Before we download it, let's take a quick look:

In [None]:
dr = DataRetriever(1)
print('URL:\t\t{}'.format(dr.dataset_url))
print('NAME:\t\t{}'.format(dr.dataset_name))
print('TYPE:\t\t{}'.format(dr.get_compression_type()))
print('SIZE:\t\t{}'.format(dr.get_total_size()))
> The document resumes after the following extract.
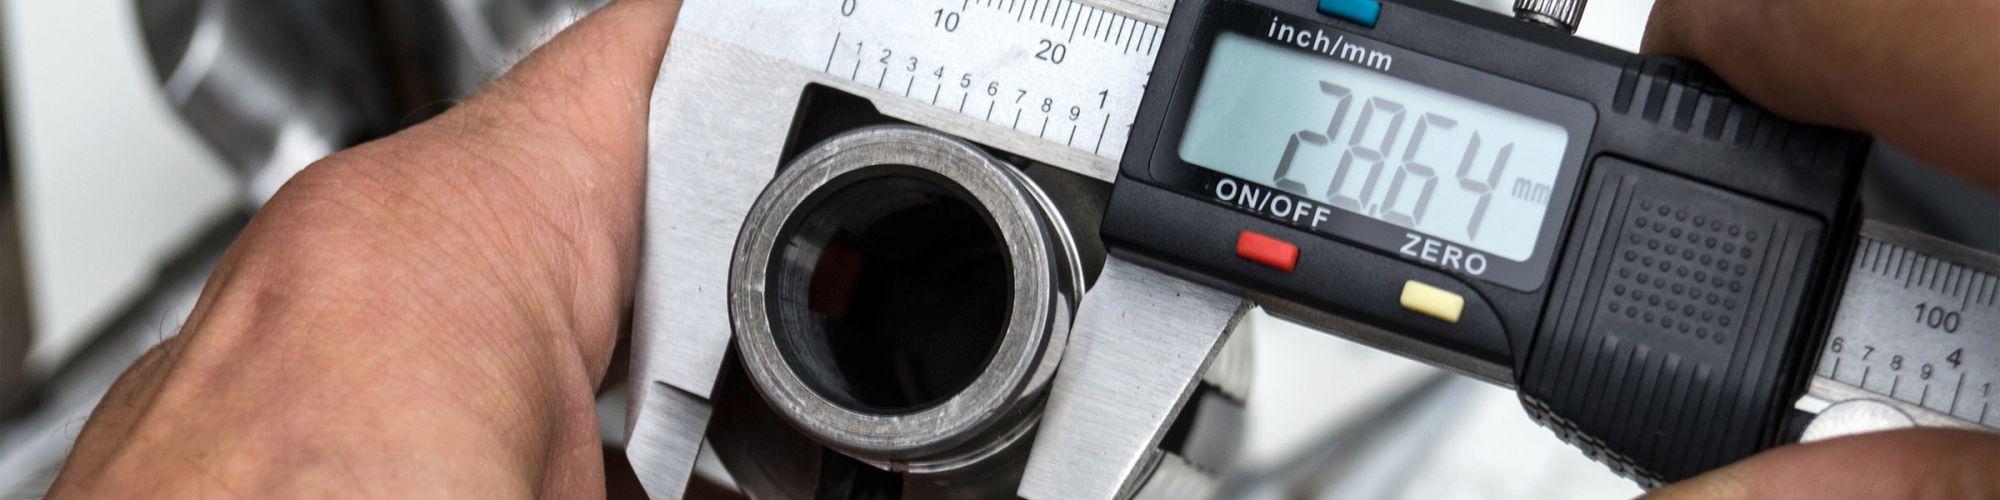 Präzise Messtechnik mit Messschieber im Maschinenbau

Ready to download? This may take a few seconds, depending on your internet bandwidth. Wait for the progress bar.

In [2]:
where_to = 'temp/'
dr.retrieve(target_path = where_to)

NameError: name 'dr' is not defined

OK. Let's see how many files are available to us now.

In [1]:
dr.get_total_number_of_files()

NameError: name 'dr' is not defined

## Setup Configurations
For tasks such as feature extraction (by `feature_extractor`) and data analysis (by `mvts_data_analysis` and `extracted_features_analysis`) a configuration file must be provided. We provide one inside this package, but you can create your own and place it anywhere you wish. Let's take a look at ours which is located at `./configs/feature_extraction_configs.yml`:

In [3]:
path_to_config = './configs/feature_extraction_configs.yml'
with open(path_to_config, 'r') as f:
    print(f.read())

#PATH_TO_MVTS: 'data/petdataset_01/'
PATH_TO_MVTS: 'temp/petdataset_01/'
#PATH_TO_EXTRACTED_FEATURES: 'data/extracted_features/'
PATH_TO_EXTRACTED_FEATURES: 'temp/extracted_features/'
META_DATA_TAGS: ['id', 'lab', 'st', 'et']
MVTS_PARAMETERS:
  - 'TOTUSJH'
  - 'TOTBSQ'
  - 'TOTPOT'
  - 'TOTUSJZ'
  - 'ABSNJZH'
  - 'SAVNCPP'
  - 'USFLUX'
  - 'TOTFZ'
  - 'MEANPOT'
  - 'EPSZ'
  - 'MEANSHR'
  - 'SHRGT45'
  - 'MEANGAM'
  - 'MEANGBT'
  - 'MEANGBZ'
  - 'MEANGBH'
  - 'MEANJZH'
  - 'TOTFY'
  - 'MEANJZD'
  - 'MEANALP'
  - 'TOTFX'
  - 'EPSY'
  - 'EPSX'
  - 'R_VALUE'
STATISTICAL_FEATURES:
  - 'get_min'
  - 'get_max'
  - 'get_median'
  - 'get_mean'
  - 'get_stddev'
  - 'get_var'
  - 'get_skewness'
  - 'get_kurtosis'
  - 'get_no_local_maxima'
  - 'get_no_local_minima'
  - 'get_no_local_extrema'
  - 'get_no_zero_crossings'
  - 'get_mean_local_maxima_value'
  - 'get_mean_local_minima_value'
  - 'get_no_mean_local_maxima_upsurges'
  - 'get_no_mean_local_minima_downslides'
  - 'get_difference_of_mins'
  

Here is the break-down of the pieces:
 - `PATH_to_MVTS`: relative path to where the mvts data is stored in.
 - `PATH_TO_EXTRACTED`: relative path to where the extracted features is/will be stored in.
 - `META_DATA_TAGS`: a list of strings present in mvts file-names with specific meanings. See the README.md file for more details.
 - `MVTS_PARAMETERS`: an enumerated list of the parameter names (column names) in the mvts. Comment out those that are not needed using `#` symbol.
 - `STATISTICAL_FEATURES`: an enumerated list of the methods available through this package. This example has all features. Comment out those that are not needed using `#` symbol.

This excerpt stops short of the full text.